Recognising change

The key problem, as noted above, with the types of recognition of indigenous populations that have been achieved in Australia and New Zealand (and have formed the basis of the native title and Treaty settlement processes in these countries) is that these acts of recognition have been based on the maintenance of a prior identity by the group being recognised. This is problematic in a number of ways—most pressing being the inability for these strategies of recognition to adequately deal with the concept of change. As it stands the current frameworks mean that the content of the identity of the group being recognised must remain identical to that of the original group from which recognition flows if the current group’s identity is to be recognised. As the Yorta Yorta case shows, deviation from an ‘original’ content is seen as reducing the authenticity of that identity and so too is seen as reducing the authenticity and legitimacy of their claim to recognition based on that identity.
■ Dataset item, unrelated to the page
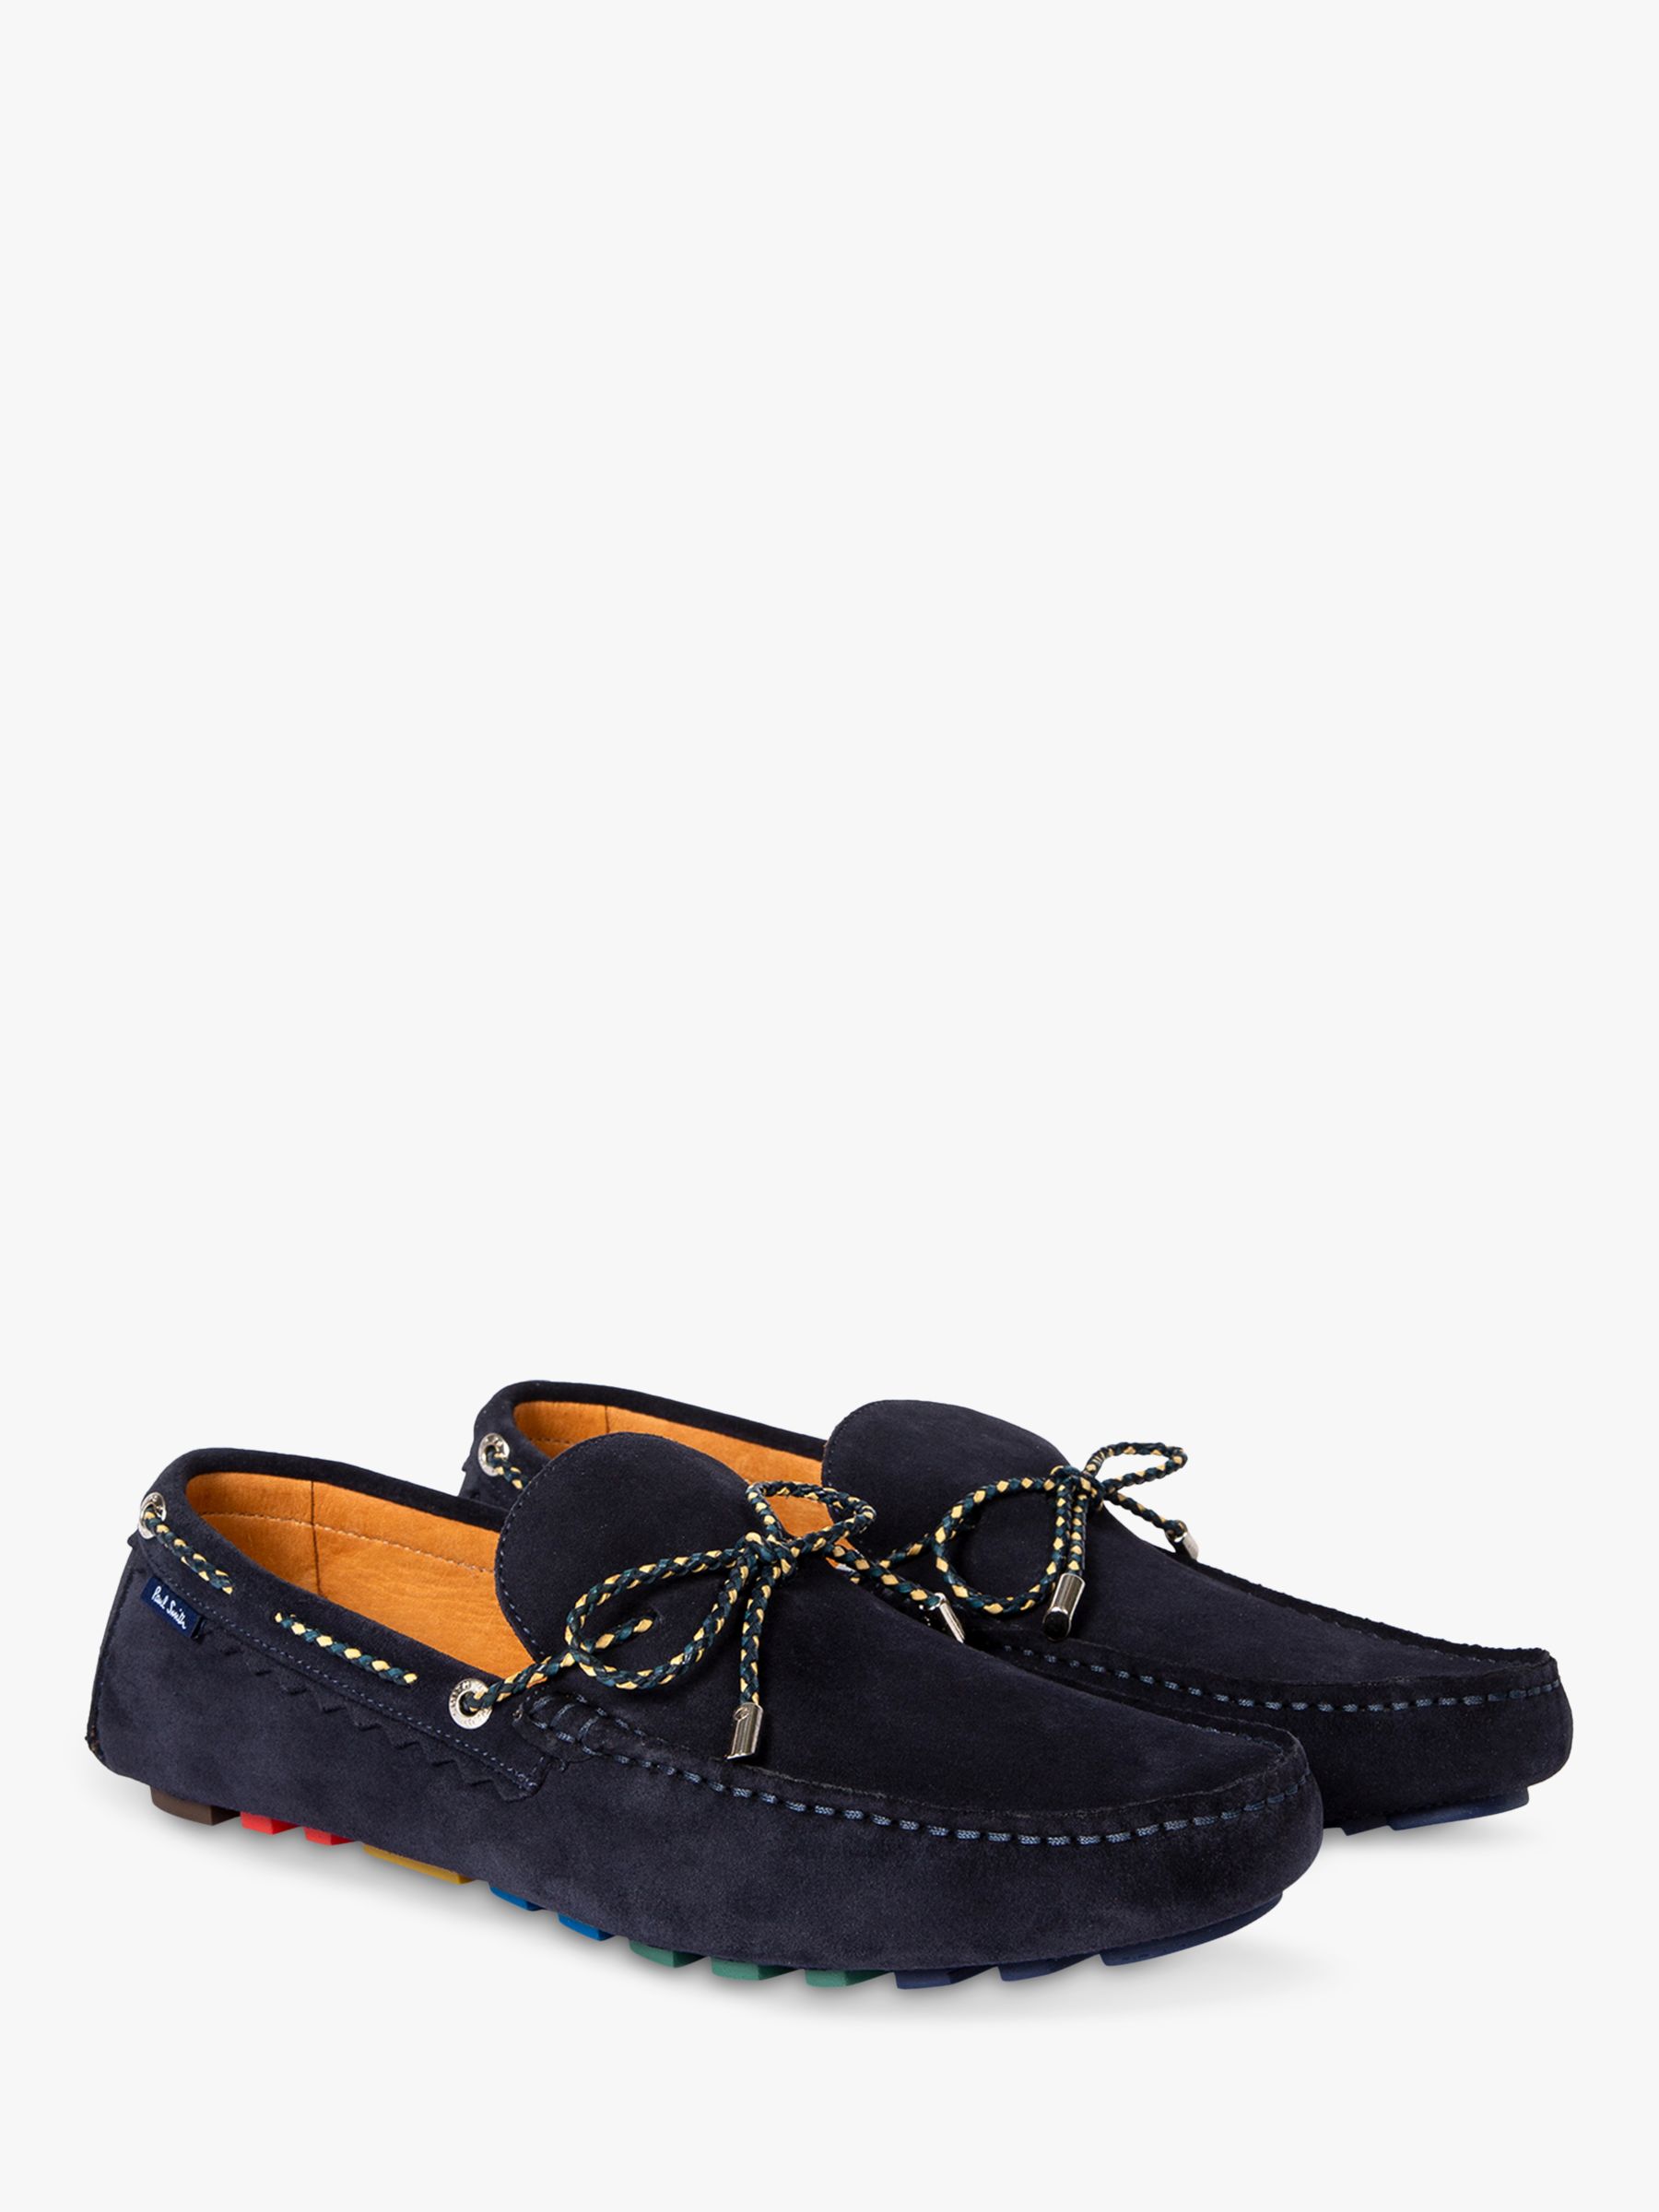 Paul Smith Springfield Suede Loafers, Navy, 8

However, as has been briefly discussed above, this degree of the maintenance of a group’s identity is something that has not been achieved even by groups generally seen by many as being extremely ‘authentic’. Thus while modern iwi in New Zealand can, in many cases, be seen as the legitimate successors of the iwi of 19th century New Zealand, they are not identical with them. If anything, many of the modern corporate iwi structures in New Zealand more closely resemble a Western corporation than they do the descent groups of the past. Similarly the customs and lore followed by groups such as the Spinifex People who have achieved positive native title determinations are not identical to those of their ancestors. If this were the case then one would be hard pressed to understand the existence of particular lore and custom including cat dreaming (Cane 2002: 84). The problem thus appears not to lie in recognising change over time (for groups which have been recognised have indeed changed over time) but rather in terms of the extent of change undergone by the group in question.